Canada’s commitment to the rule of law is based on both values and self interest.  Together with a great many other countries, we have learned the hard way that collective security is essential for our individual freedoms, and that we have to rely on mutually agreed and effectively enforced rules to advance our interests.  There is no other path for us.  For example, in trade disputes between Canada and the United States we require and need effective tools of mediation and arbitration to ensure that your might does not always make right.  And in agreeing to an effective regime under NAFTA and its successors the United States preserves its interests as well.

Canadians have a special sense of pride that in celebrating the 75th anniversary of the Universal Declaration of Human Rights we remember a Canadian legal scholar, John Humphrey who as an international civil servant of the United Nations in the 1940’s ‘held the pen’ in the drafting of this document.  The ethical foundation of that document is the same as that expressed by Franklin Roosevelt in 1941, that human rights are not a product of one legal or cultural tradition or another, but can be found in what it means to share both our common humanity and the reality that that morality itself is based on the principle that freedom and dignity require mutual respect and the recognition that the pursuit of selfish ego on its own leads not to civilization but to its destruction.

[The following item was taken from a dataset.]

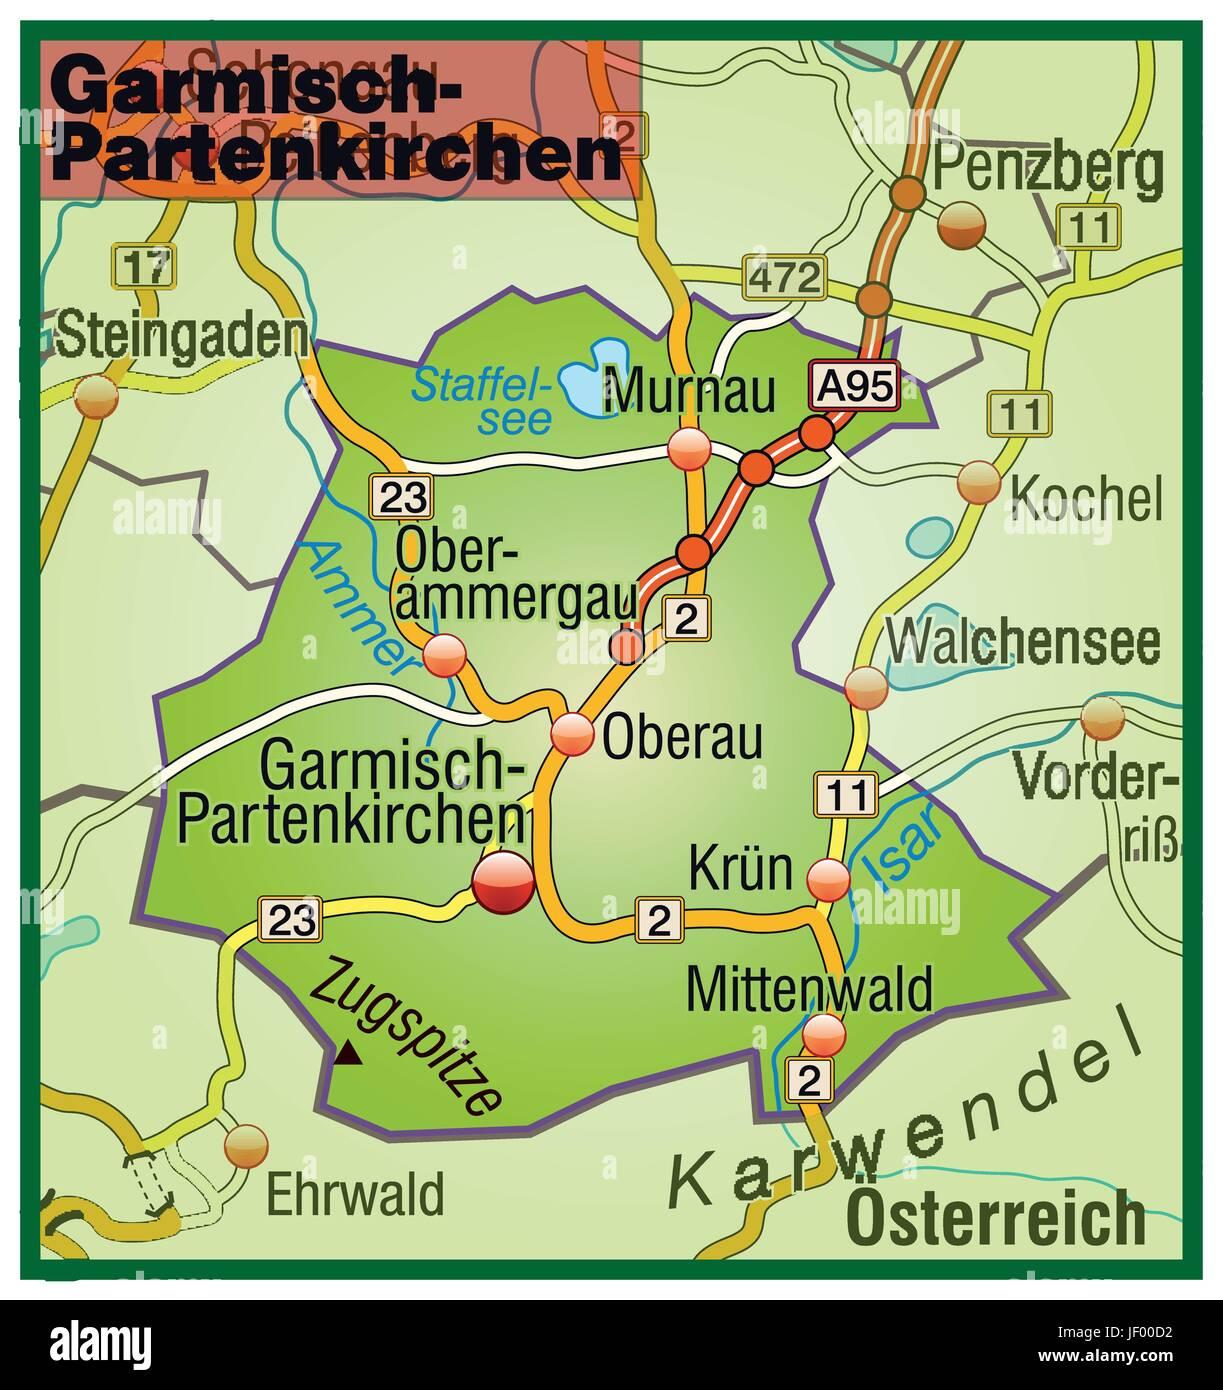 map of garmisch-partenkirchen with transport network Stock ... Garmisch Partenkirchen Map on babenhausen map, cortina d'ampezzo map, magdeburg map, berchtesgaden map, landstuhl map, germany map, weimar map, freiburg map, albertville map, rothenburg ob der tauber map, karlsruhe map, europe map, bonn map, garmisch trail map, saxony map, koblenz map, dortmund map, oberammergau map, oslo map, duisburg map,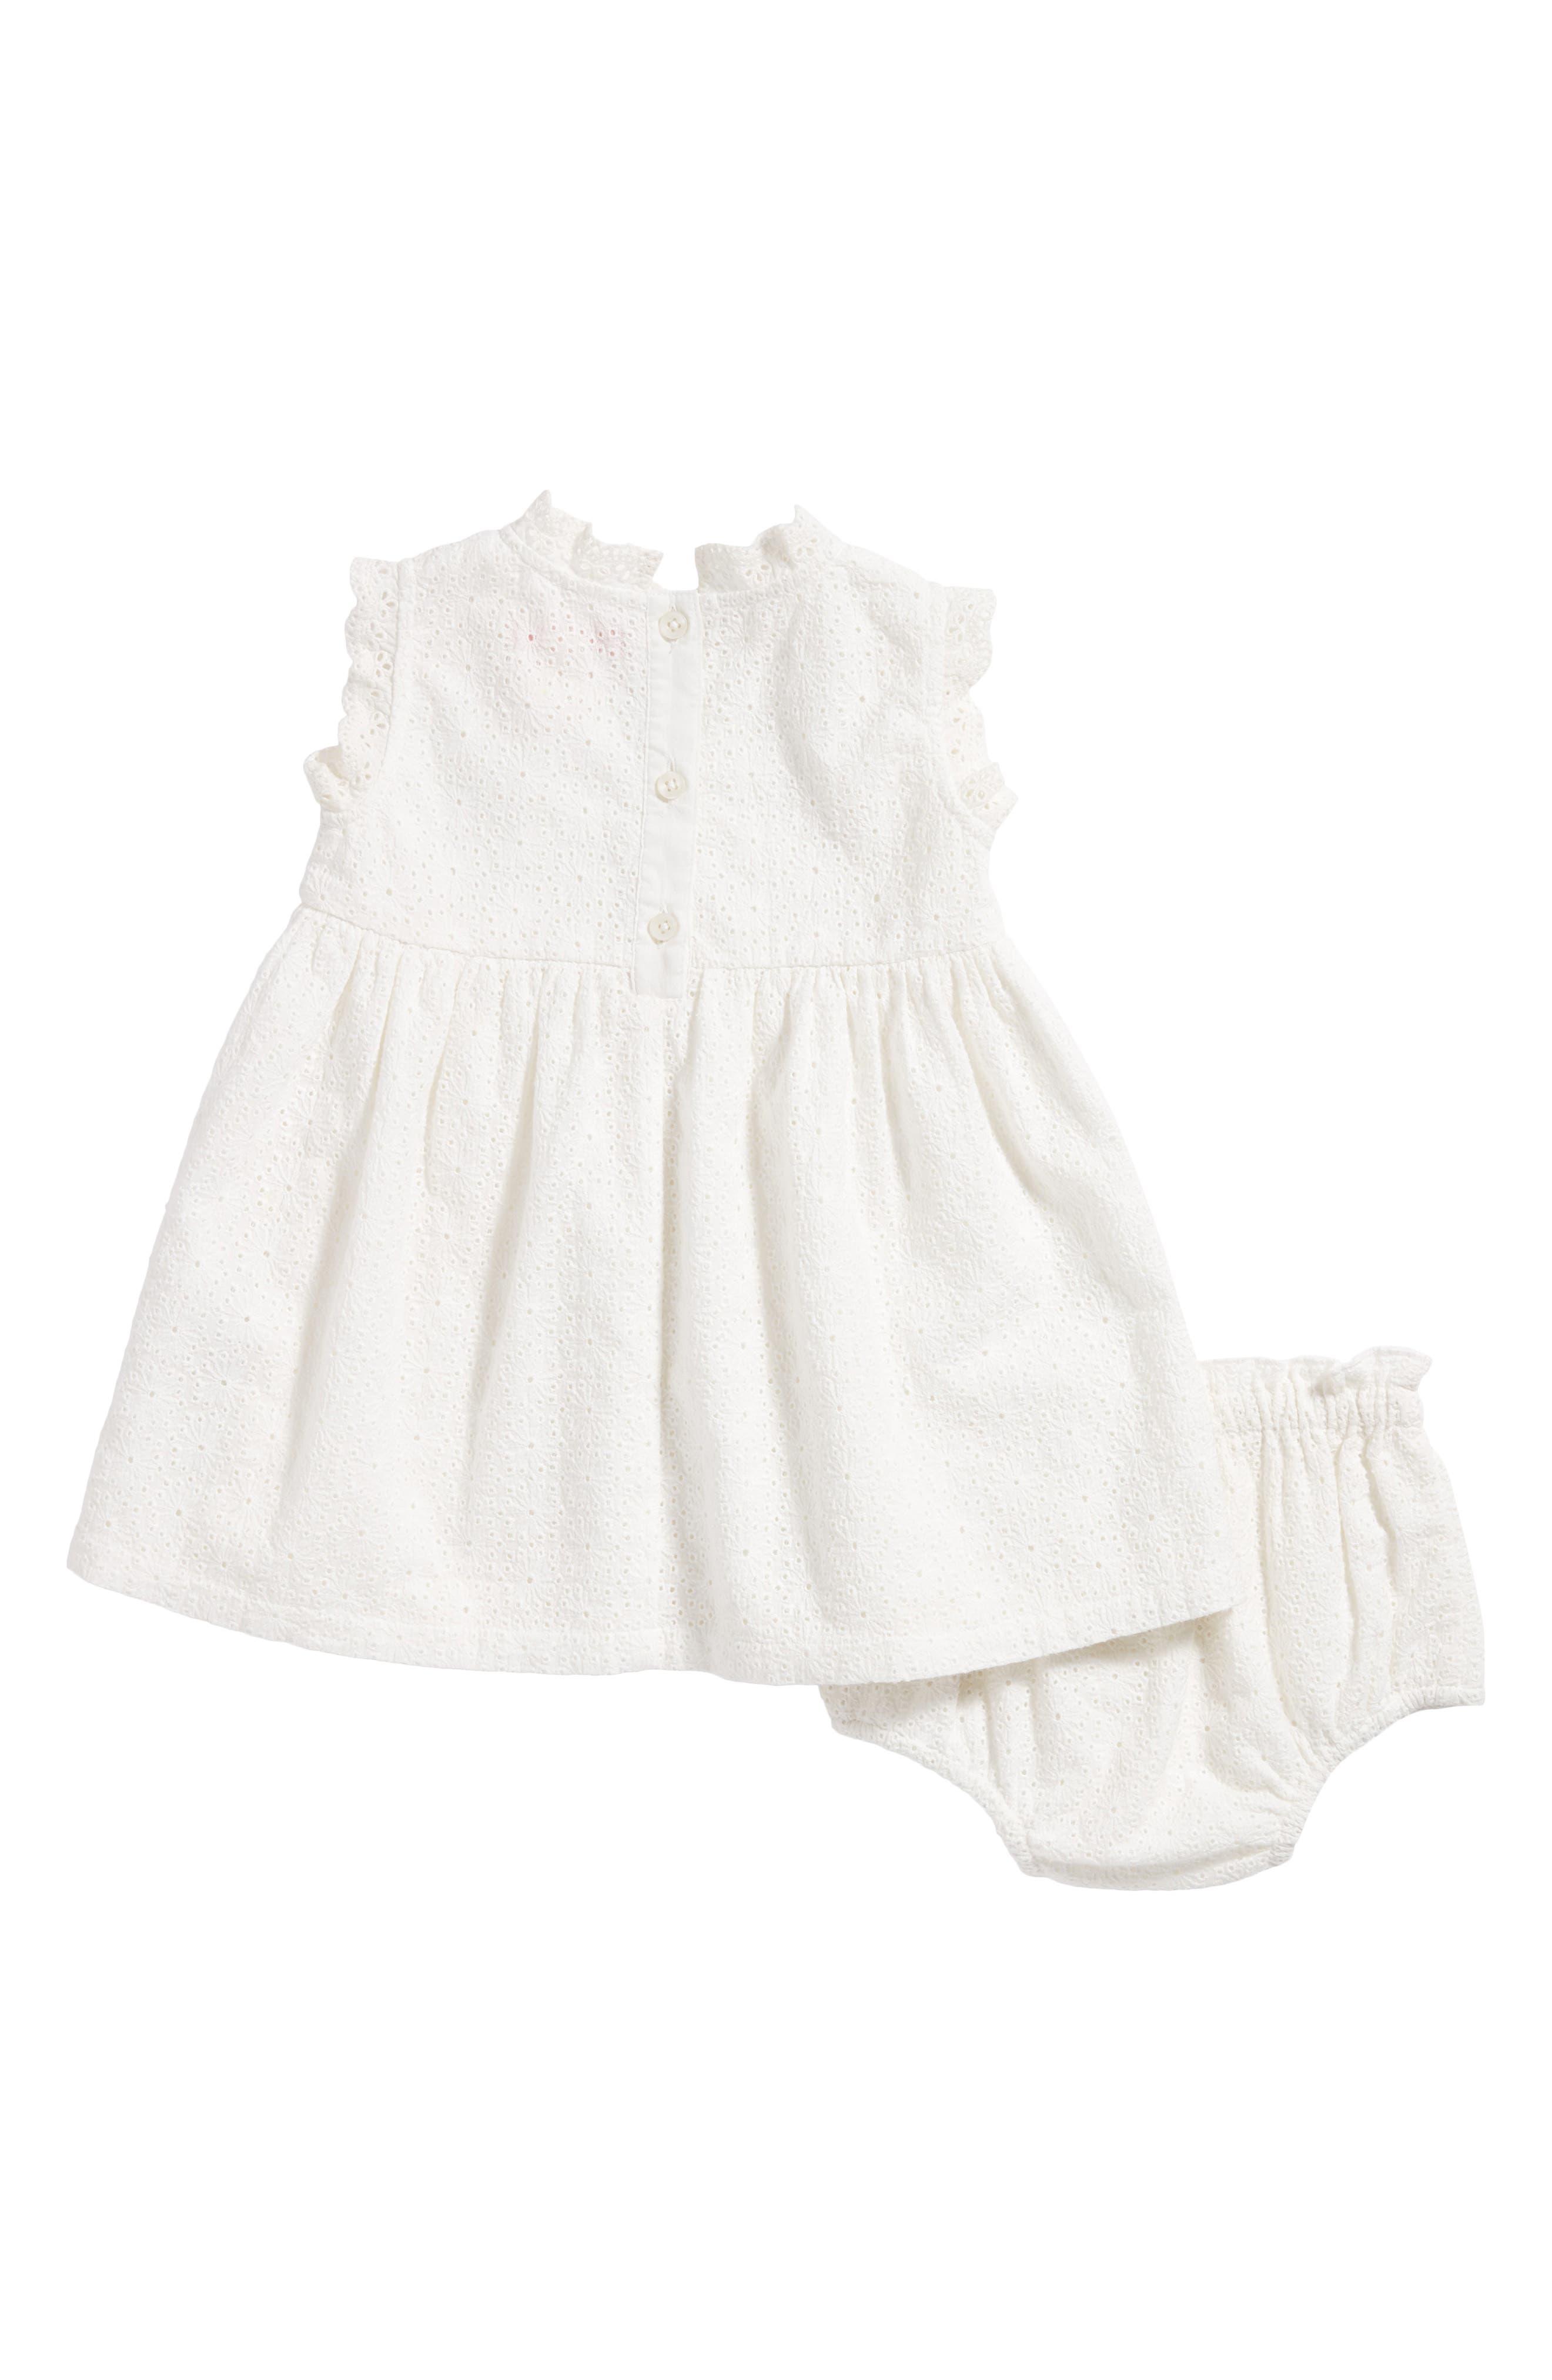 Lace Dress,                             Alternate thumbnail 2, color,                             White

Russia’s assault is not only on Ukraine.  It is against the rule of law, treaties and agreements that Russia has voluntarily signed, and as a Permanent Member of the Security Council has agreed to uphold.  Russia’s use of the veto at the Security Council has emasculated that part of the United Nations, forcing us to create other ways to respond to this crisis.

The consequences of Russia’s behaviour are felt all over the world – higher inflation and food costs, limiting the supply of energy and food to the poorest countries and people in the world, costing the global economy nearly 3 trillion dollars.  This havoc in turn has forced millions of Ukrainians to leave their homes, and many others around the world to also seek refuge. There are now over a hundred million people in the world forcibly displaced, the greatest number the world has known since we began keeping statistics.

The means we use to communicate and share information are being flooded with lies and hate at a pace and level that is completely unprecedented.  Conspiracy theories, anti-semitism, misogyny, phobias and hatreds of all kinds are spreading at the speed of sound, and being amplified and magnified in ways that Goebbels could only dream of.  The ugliness of political debate has never been greater, and the cowards of hate hide behind pseudonyms as they enter the brawl of social media.

Armed with guns as well as megaphones, the perpetrators of unrest and chaos take many different forms in many different societies.

But despair in the face of all this is not an option.  The only path that will work is to commit ourselves to reason, law, civility, and, yes, enforcement.  The remedy for disorder is order.  Not an order based on repression or dictatorship, but on the rule of law itself,  recognizing that the common good of humanity demands no less.

This is not a pipe dream, because it is based on the simple premise that our self interest and our values align at this “sweet spot”, this place where our freedoms and our survival require us to dedicate ourselves to the rule of law not just in our own cities and towns and countries, but in a world that cannot be alien or foreign to us because it touches us all so closely, and above all because it reflects our common humanity.